**Your assignment:**
For any picture in the lines below, please leave it out and copy the rest exactly.

**The data:**
===============

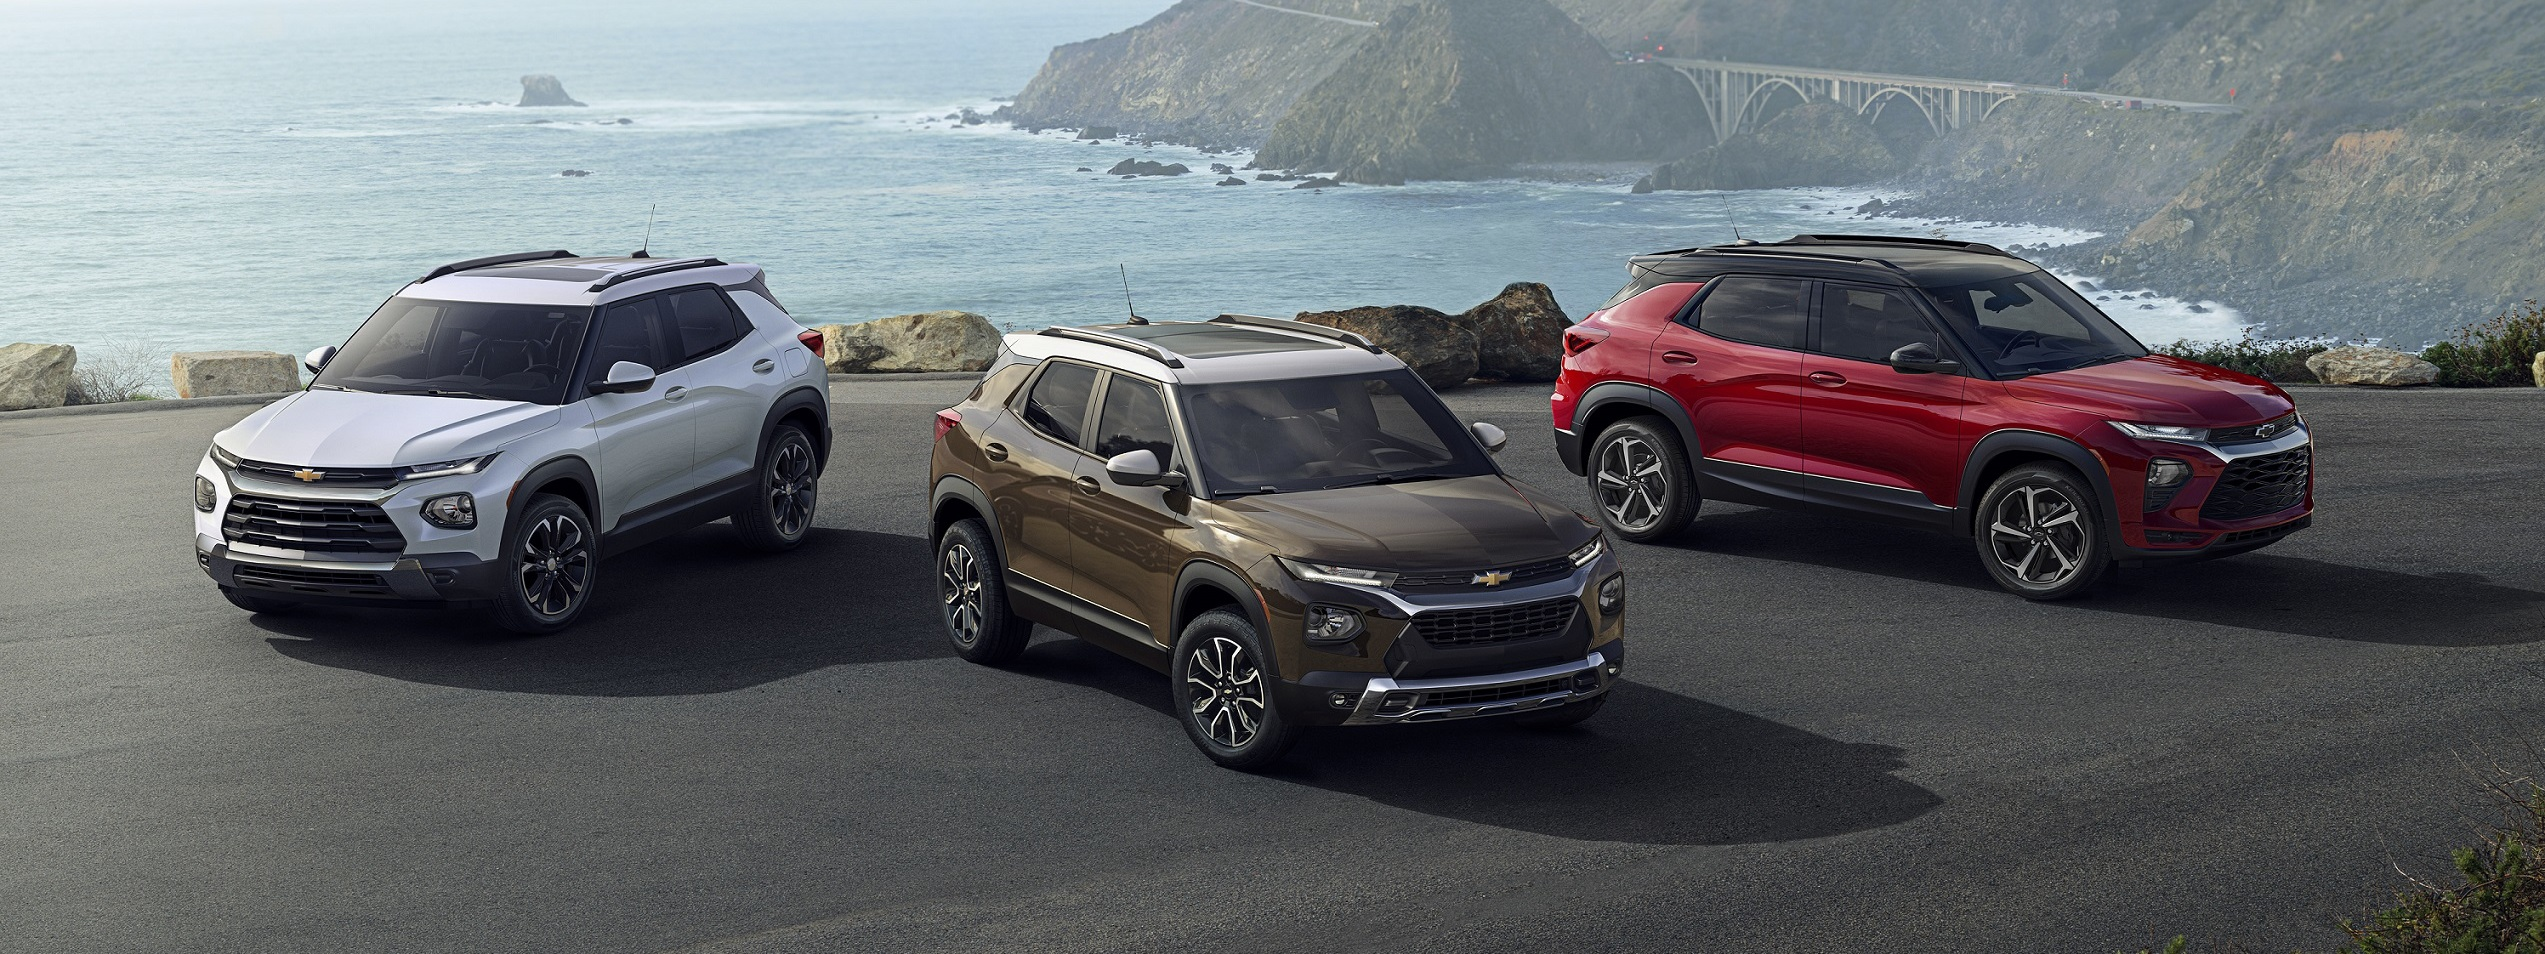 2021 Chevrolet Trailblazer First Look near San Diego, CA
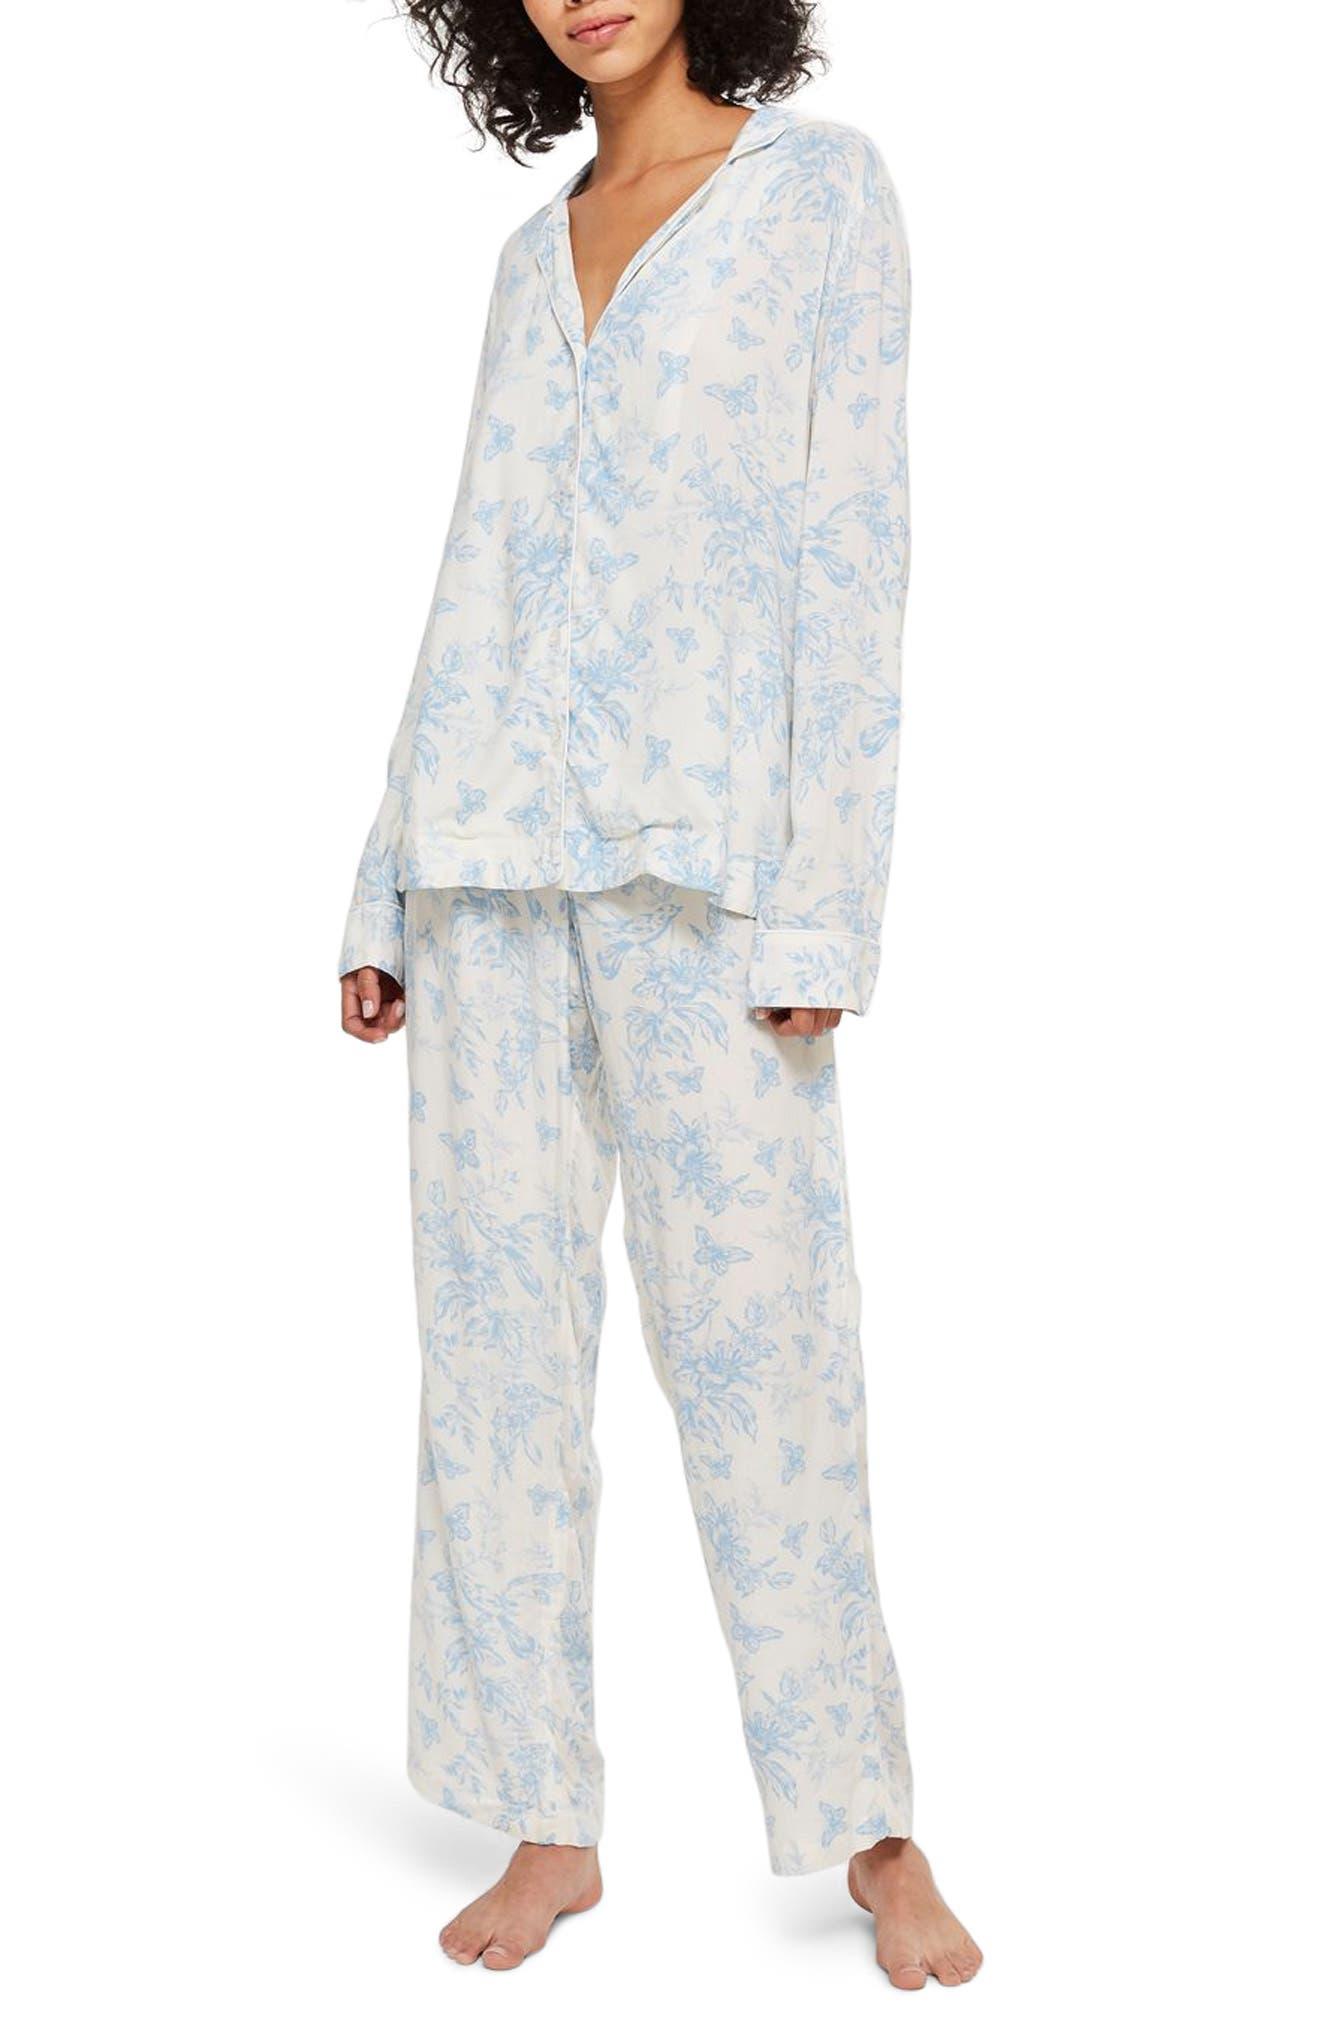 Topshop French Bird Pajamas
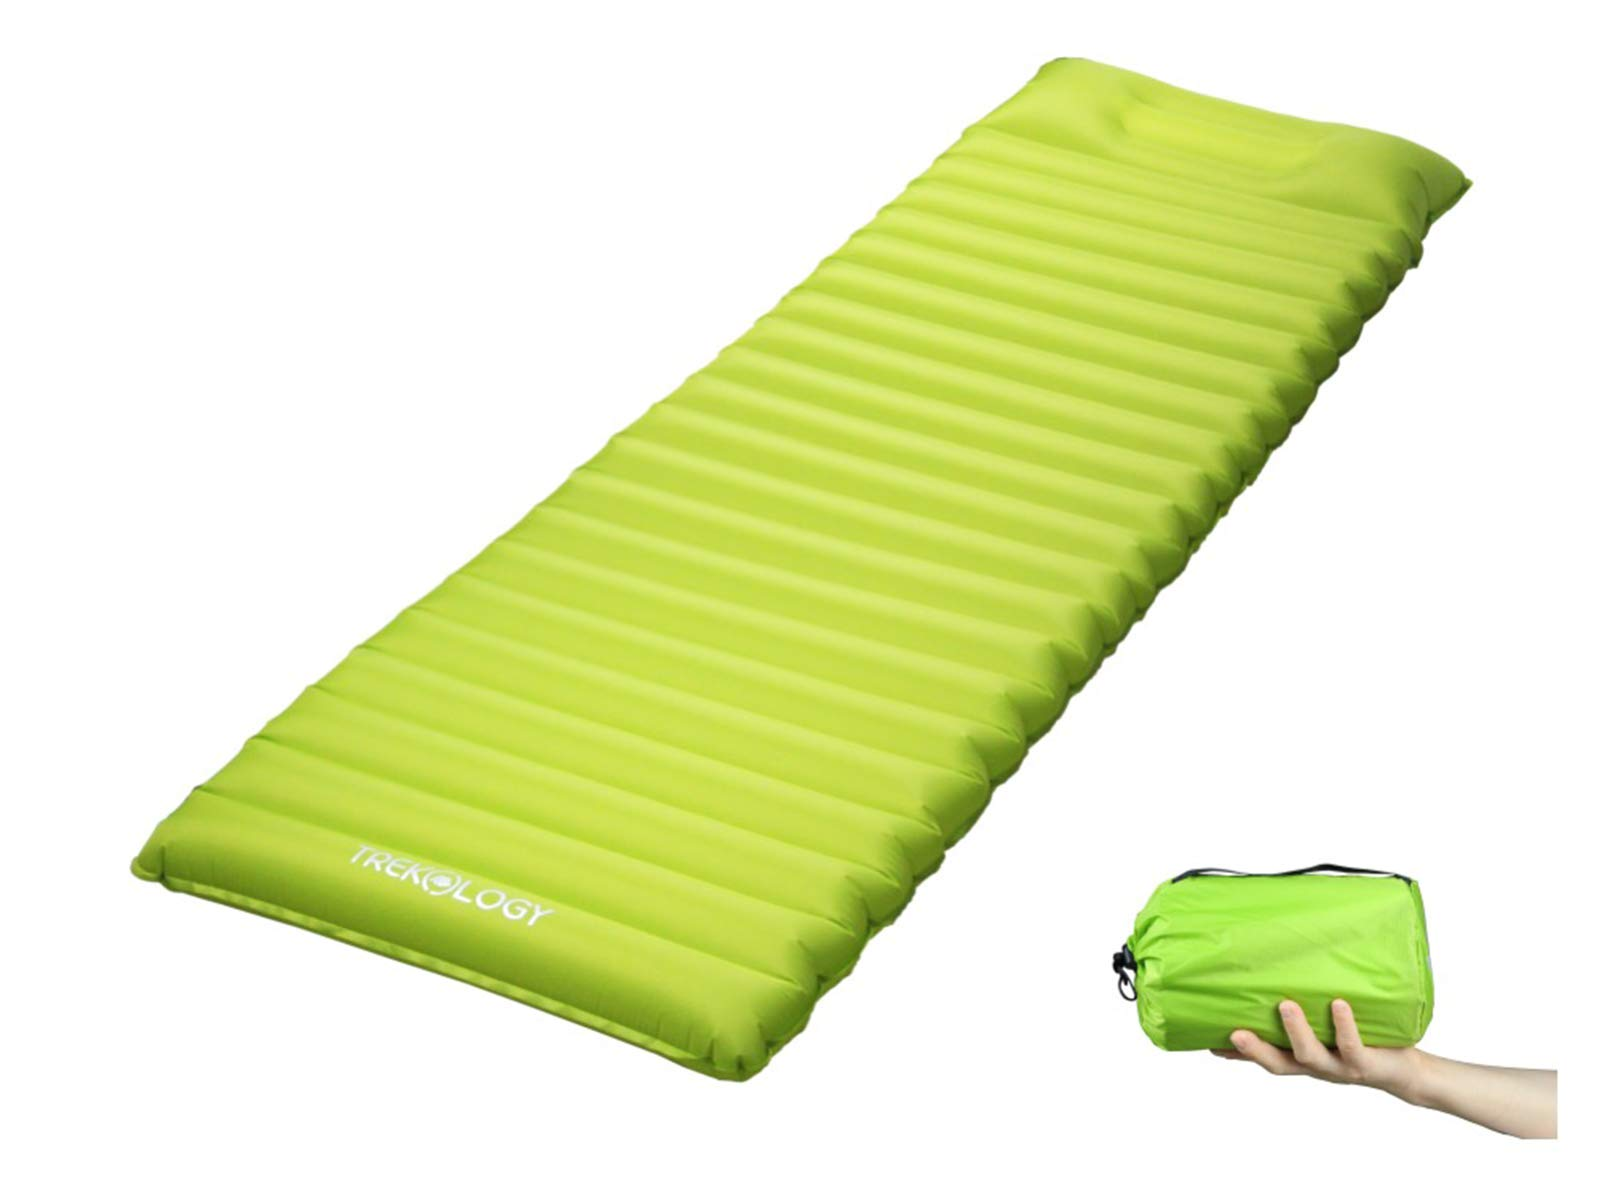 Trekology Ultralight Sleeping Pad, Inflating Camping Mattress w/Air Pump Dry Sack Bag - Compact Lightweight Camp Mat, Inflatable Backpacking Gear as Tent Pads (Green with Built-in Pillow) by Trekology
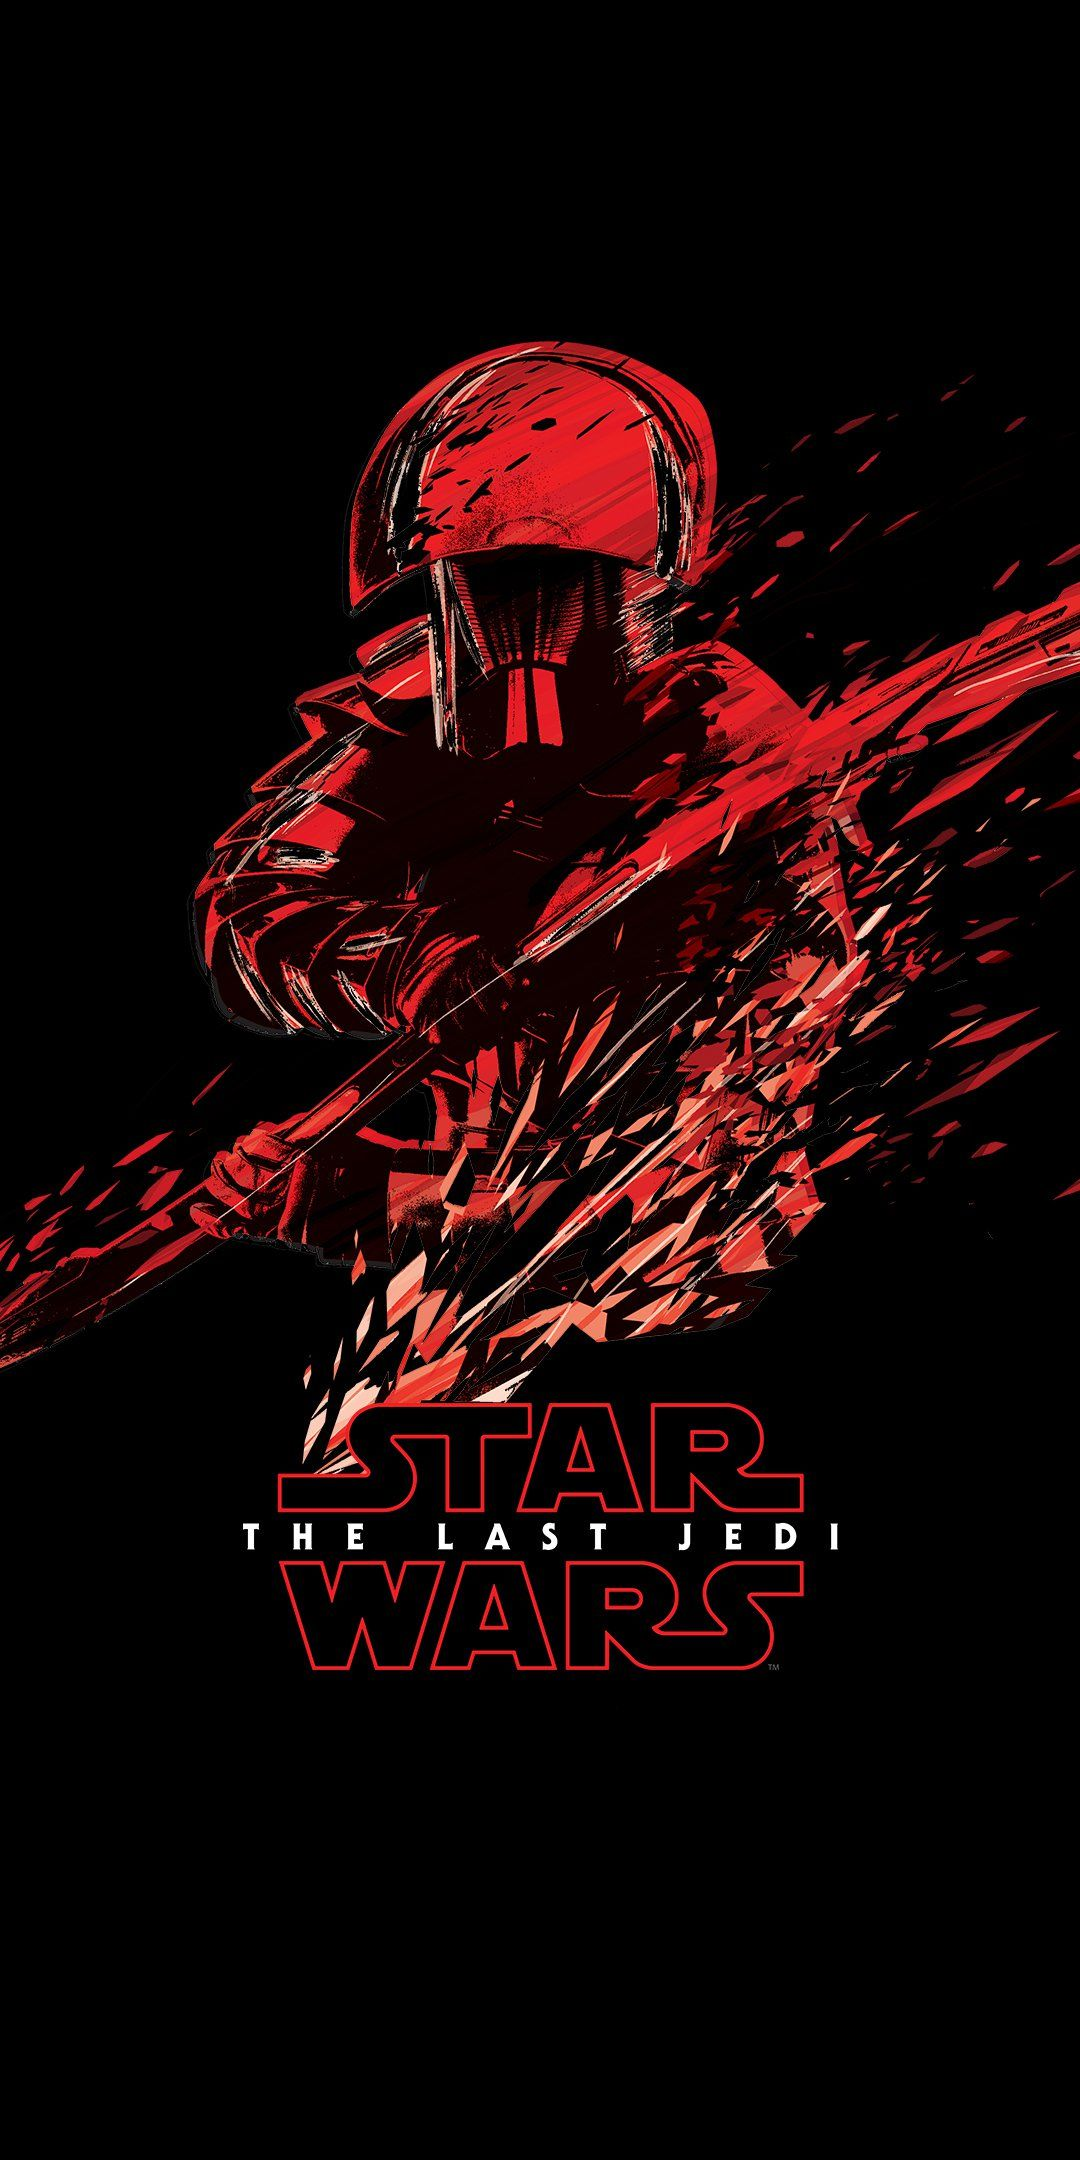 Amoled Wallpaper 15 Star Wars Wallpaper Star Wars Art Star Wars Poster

===============

**Exercise solution:**
 2021 Chevrolet Trailblazer First Look near San Diego, CA
 Topshop French Bird Pajamas
 Trekology Ultralight Sleeping Pad, Inflating Camping Mattress w/Air Pump Dry Sack Bag - Compact Lightweight Camp Mat, Inflatable Backpacking Gear as Tent Pads (Green with Built-in Pillow) by Trekology
 Amoled Wallpaper 15 Star Wars Wallpaper Star Wars Art Star Wars Poster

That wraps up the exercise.